*** Opening of SUPPLIED MATERIAL ***
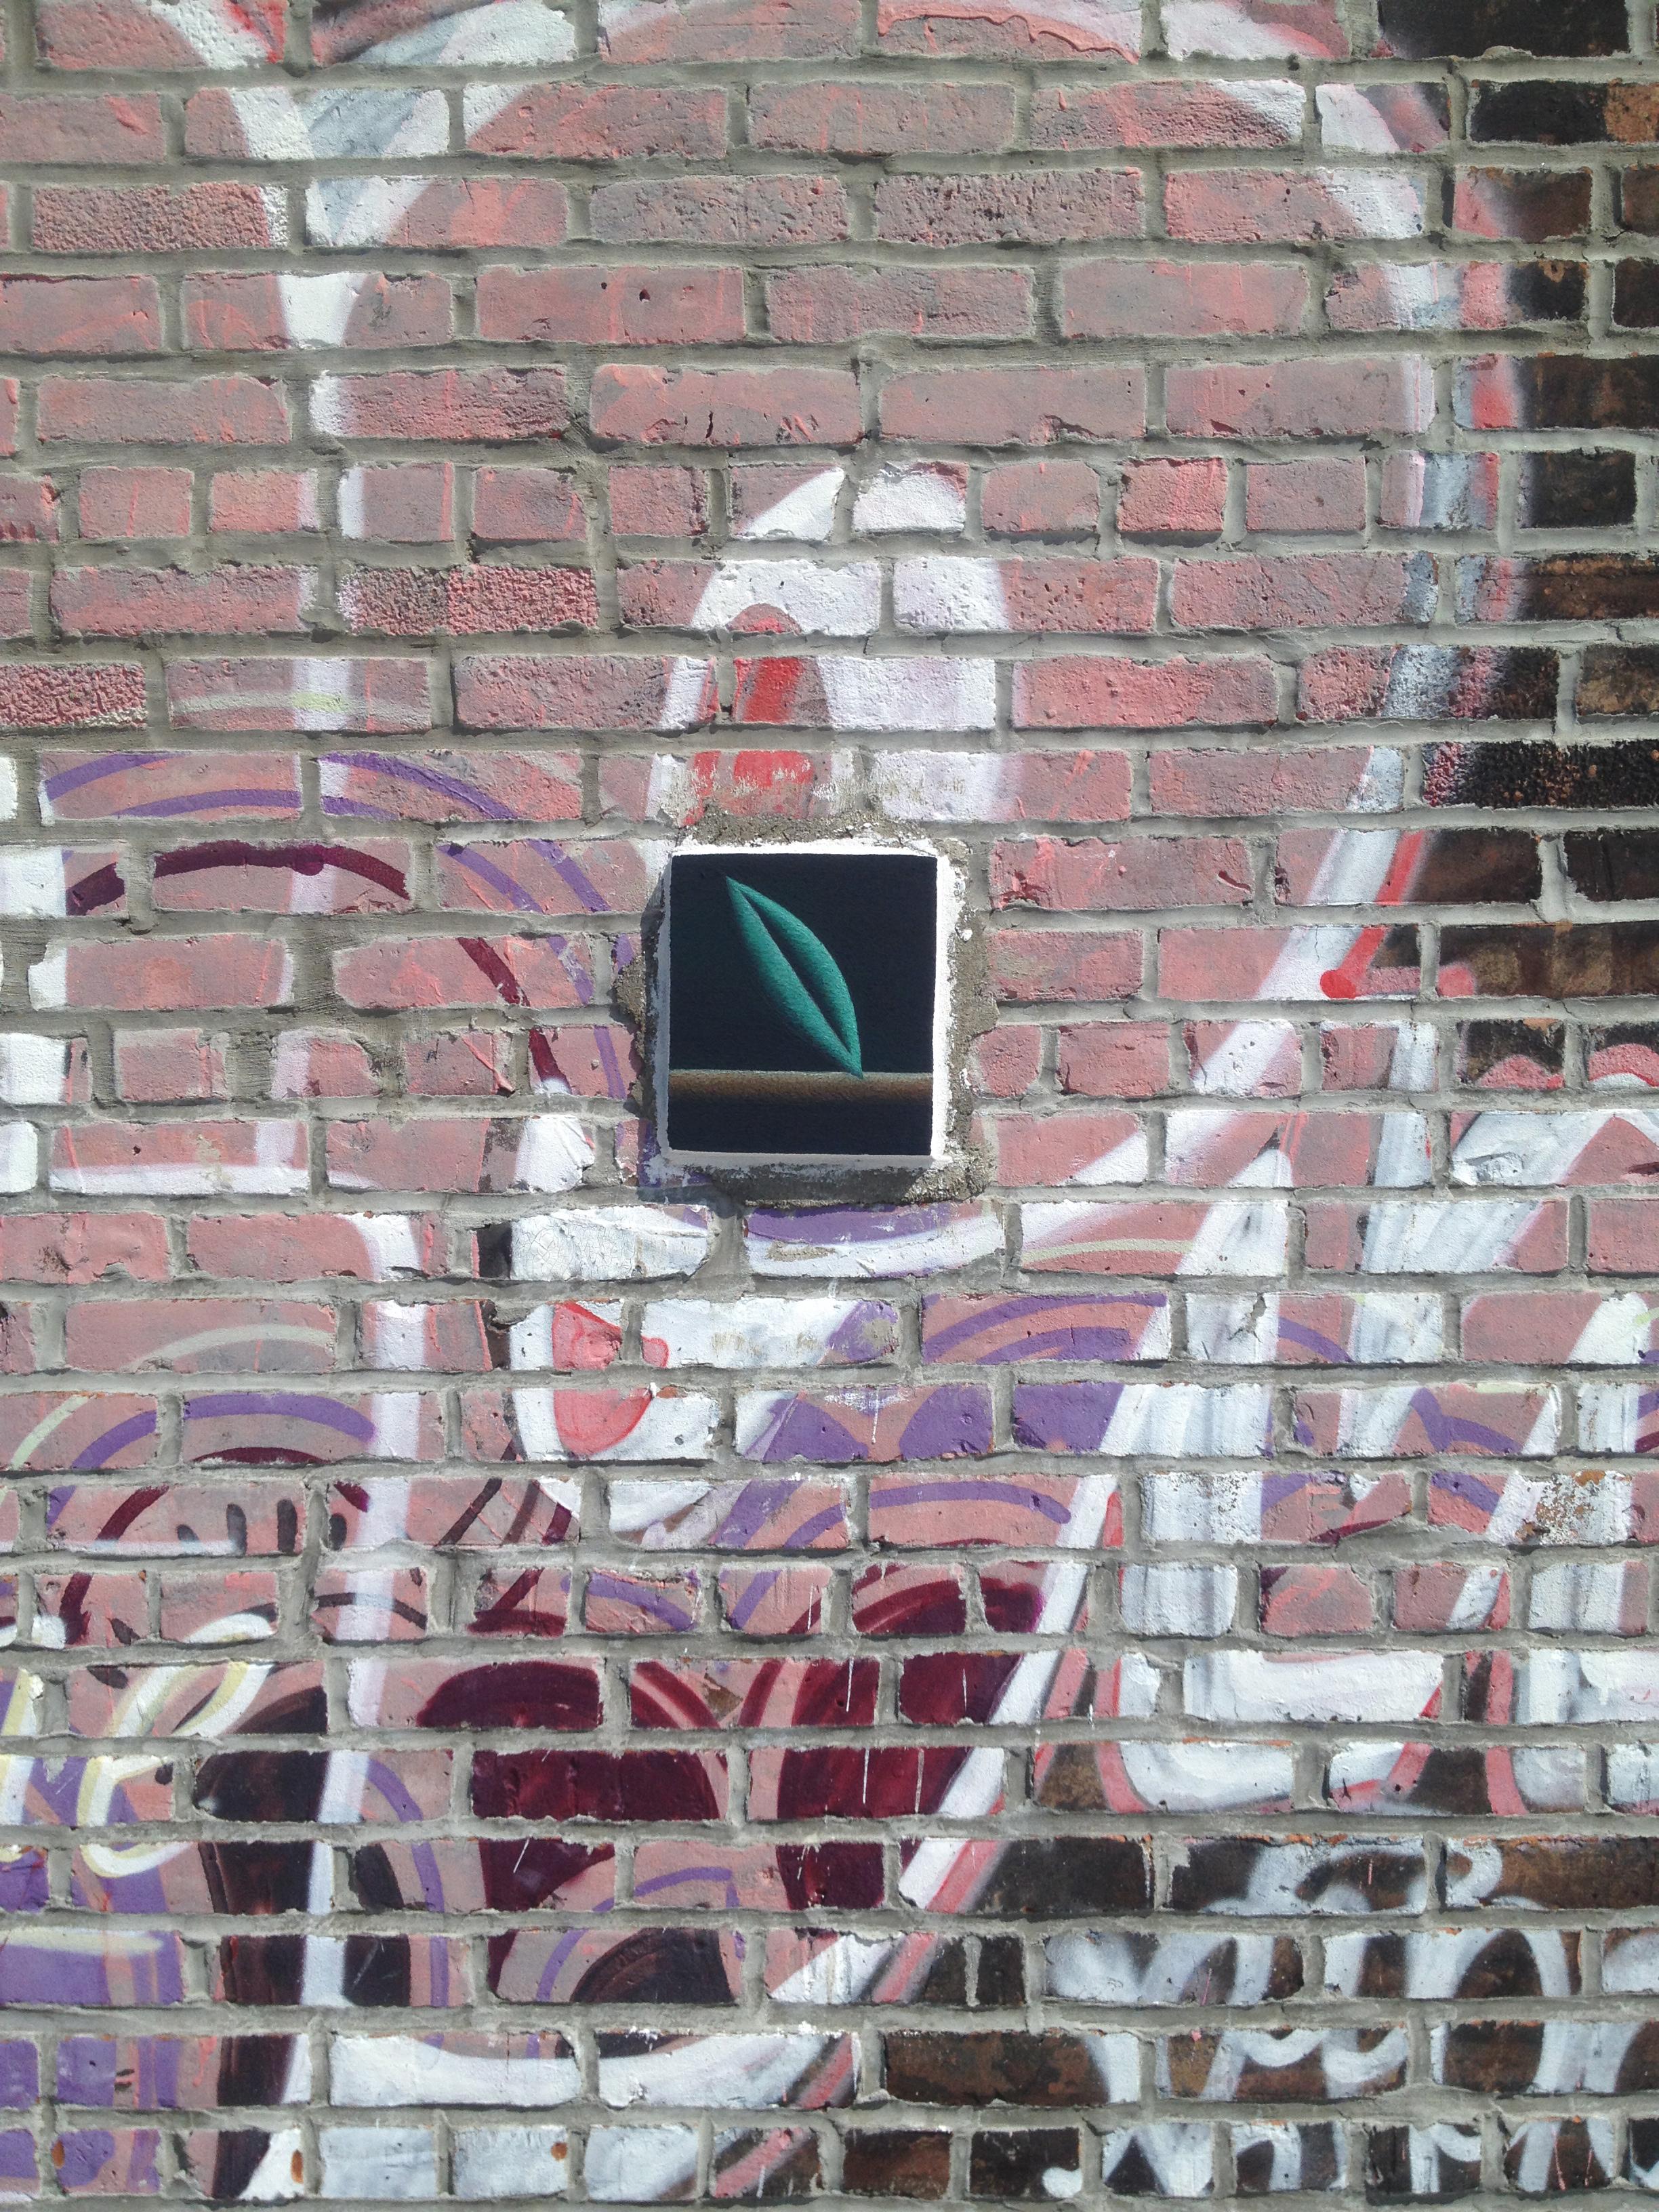 Nadia  Ayari  ,Out (Escape BFTS),2014, fresco and concrete on brick, approx 7h x 5w in / 17.8h x 12.7w cm, Brooklyn, New York
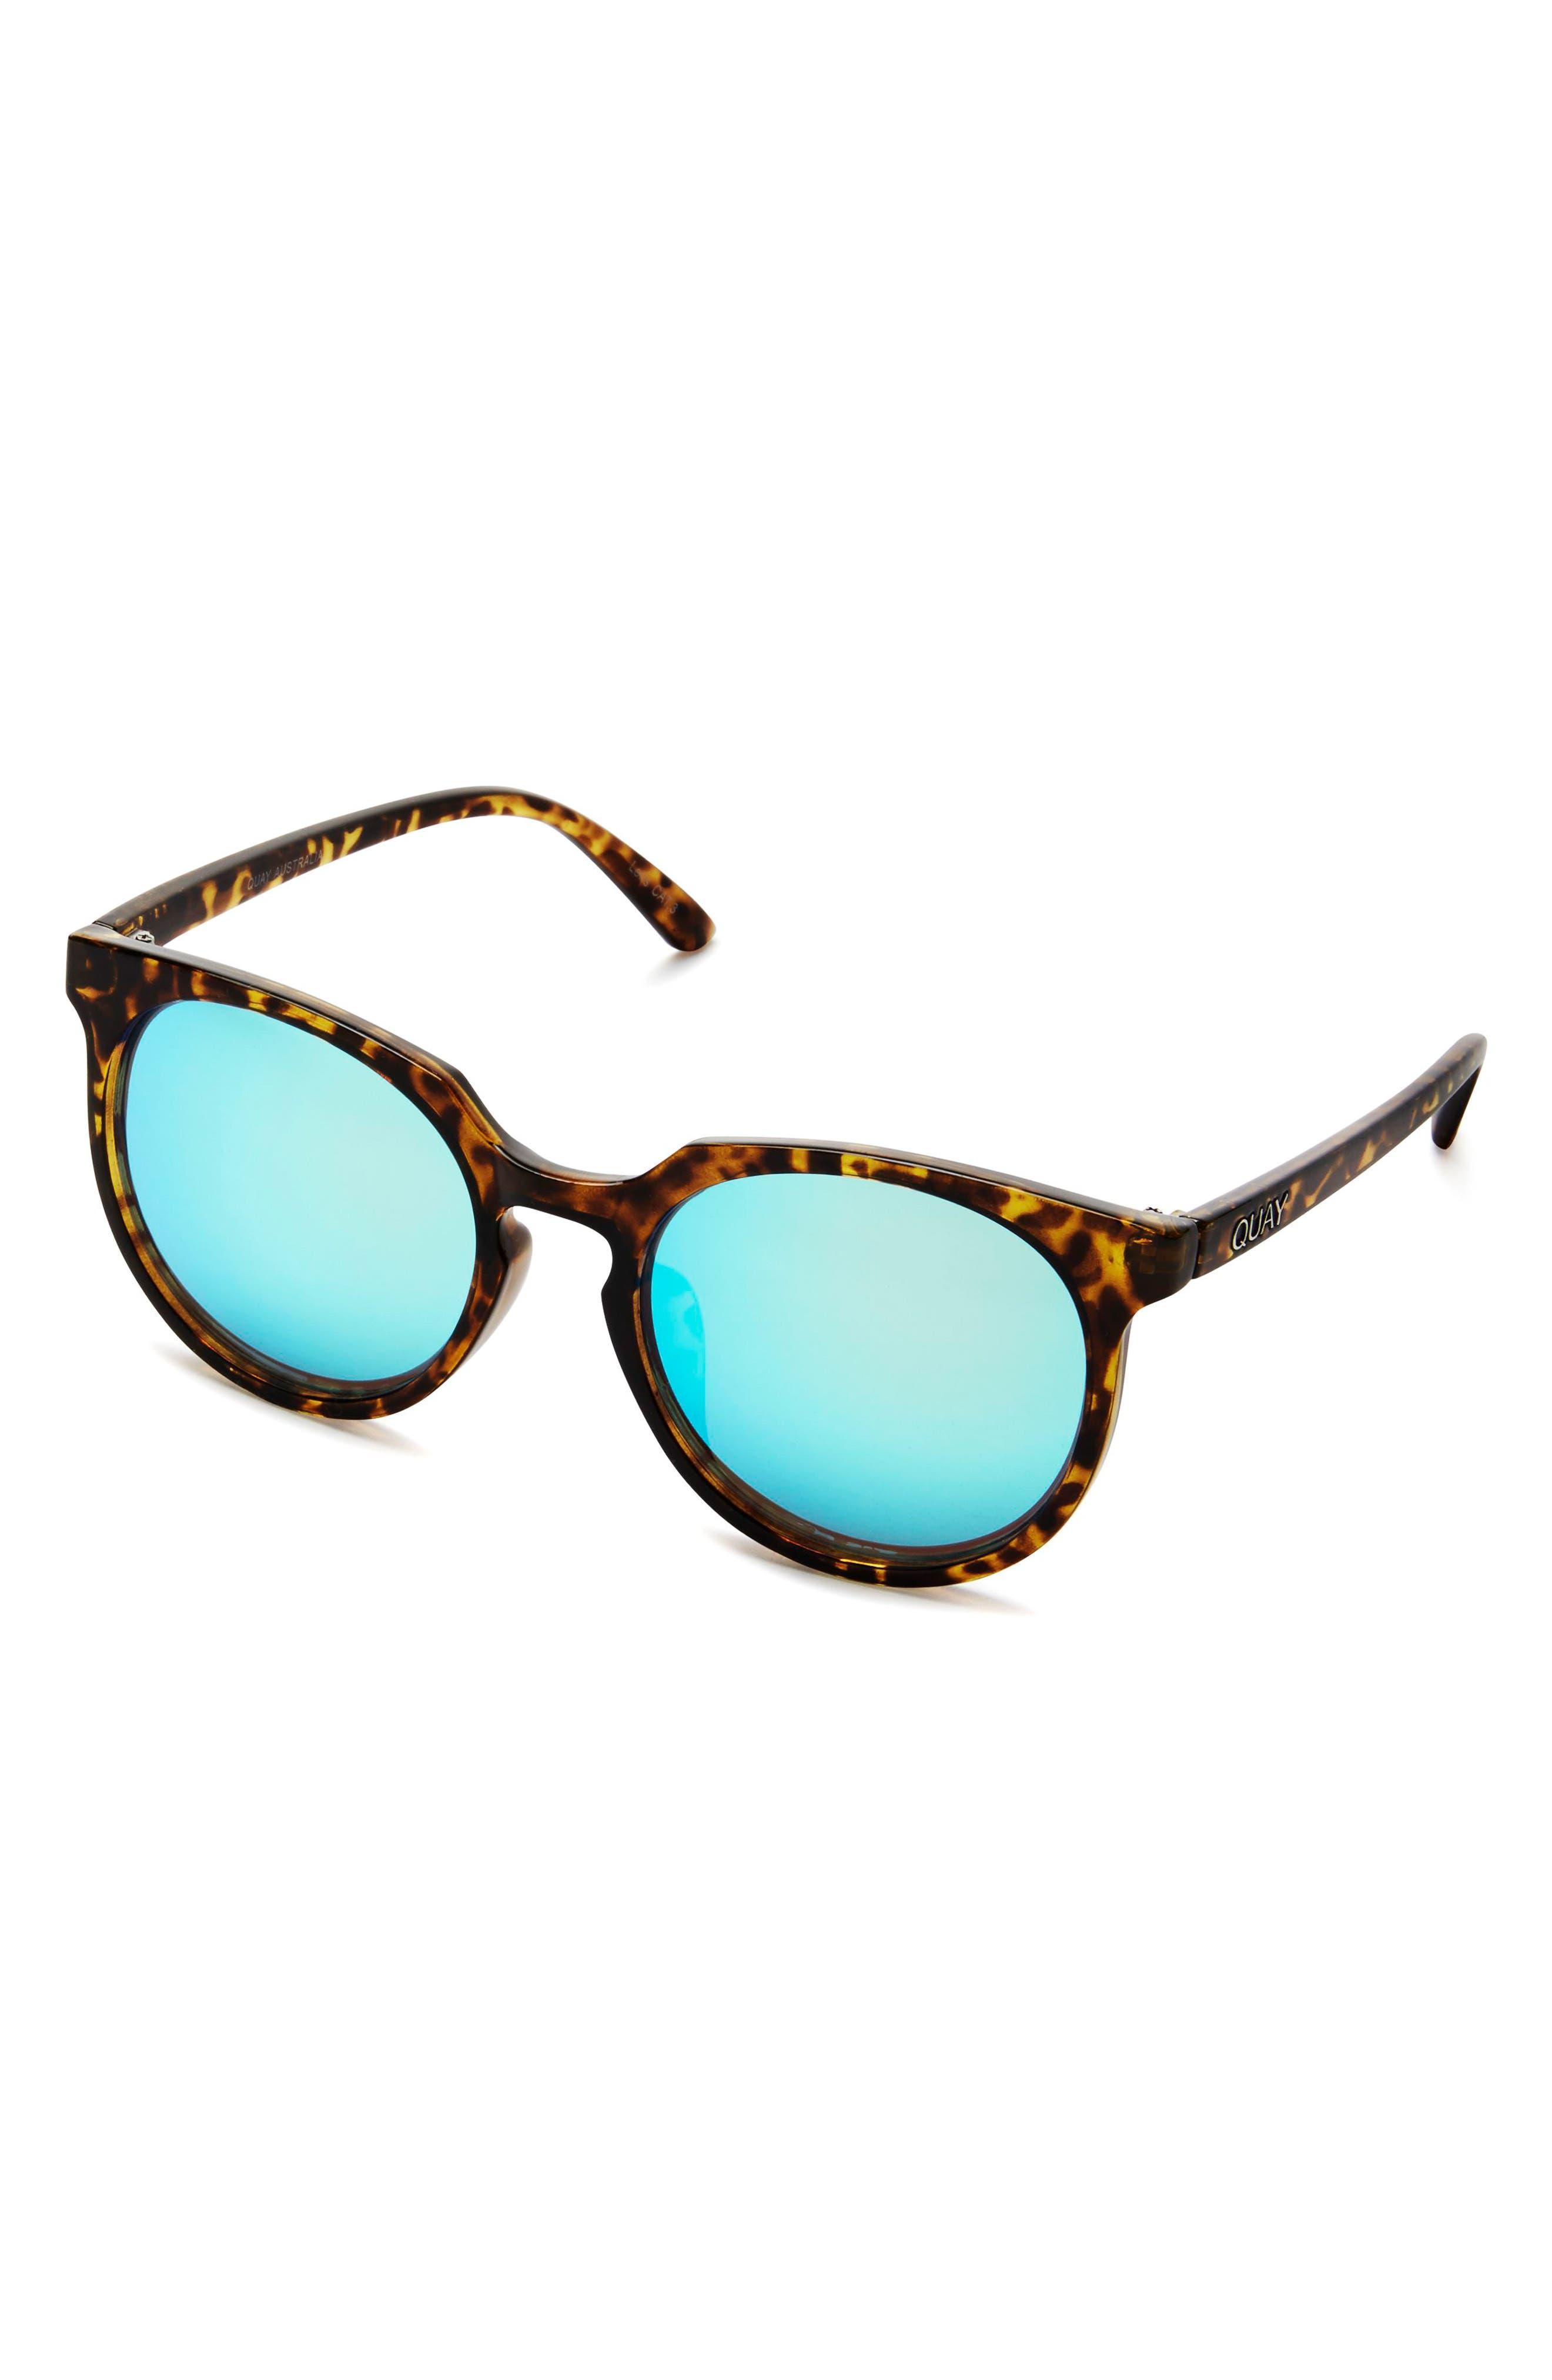 Don't Change 60mm Round Sunglasses,                             Alternate thumbnail 2, color,                             410
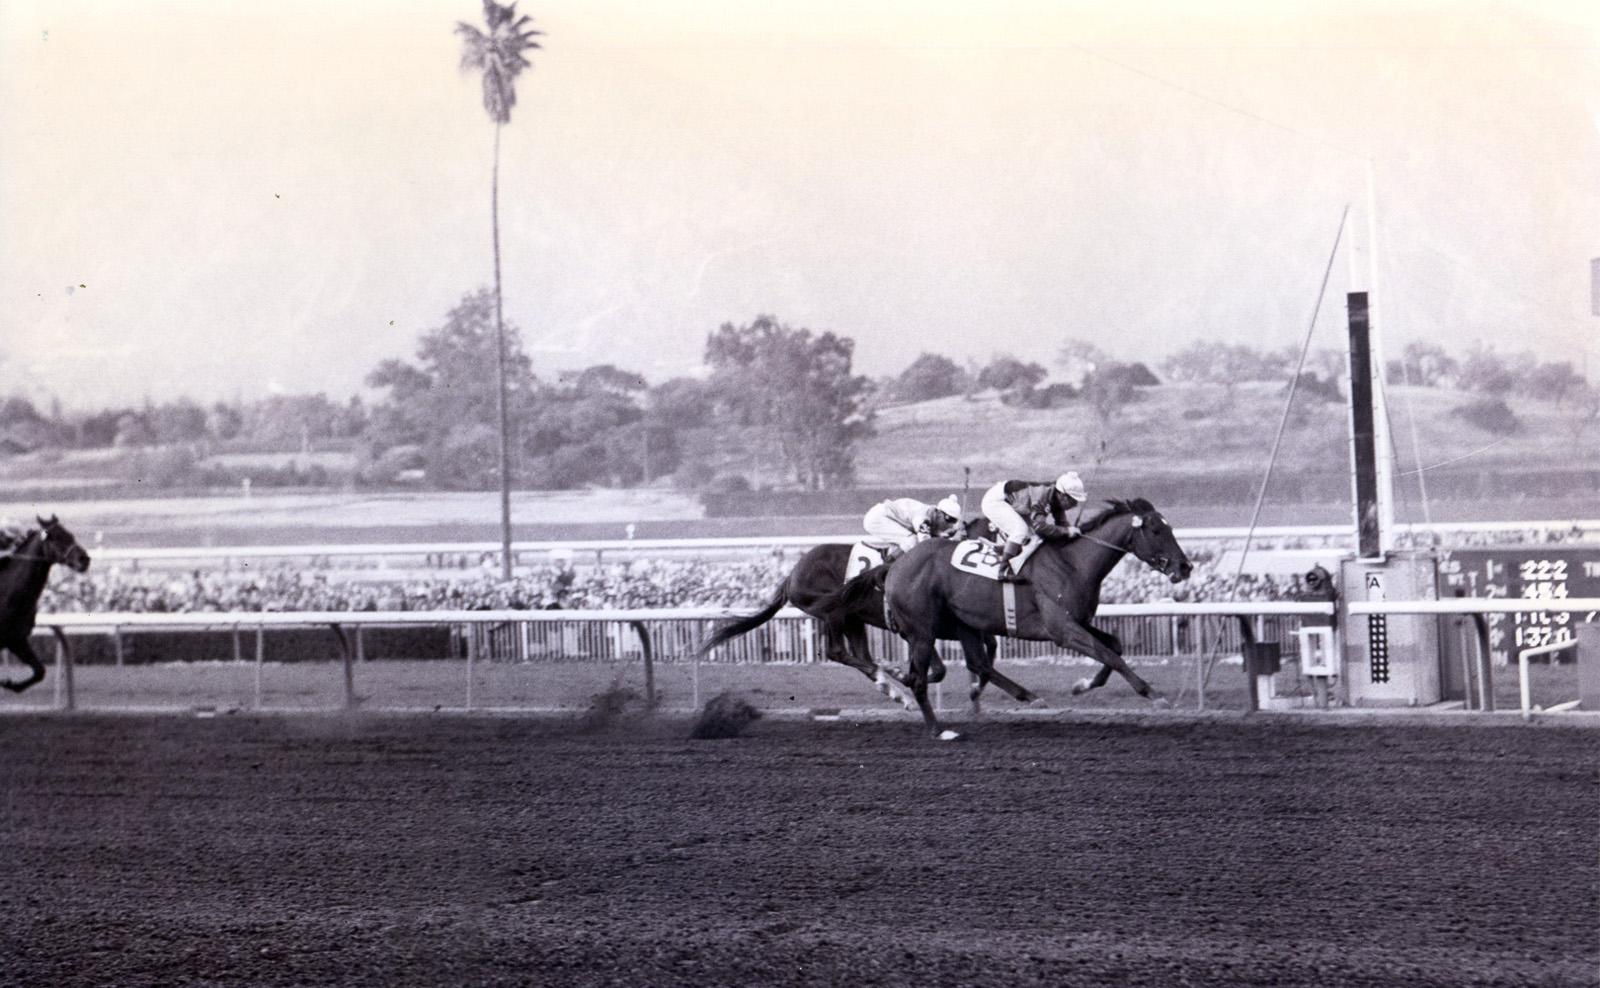 Johnny Longden and Swaps winning the 1955 Santa Anita Derby (Santa Anita Photo/Museum Collection)
*** Close of SUPPLIED MATERIAL ***
TASK OBJECTIVE: Copy out all of the material exactly as written, without its pictures.

SOLVED EXERCISE:
 Nadia  Ayari  ,Out (Escape BFTS),2014, fresco and concrete on brick, approx 7h x 5w in / 17.8h x 12.7w cm, Brooklyn, New York
 Don't Change 60mm Round Sunglasses,                             Alternate thumbnail 2, color,                             410
 Johnny Longden and Swaps winning the 1955 Santa Anita Derby (Santa Anita Photo/Museum Collection)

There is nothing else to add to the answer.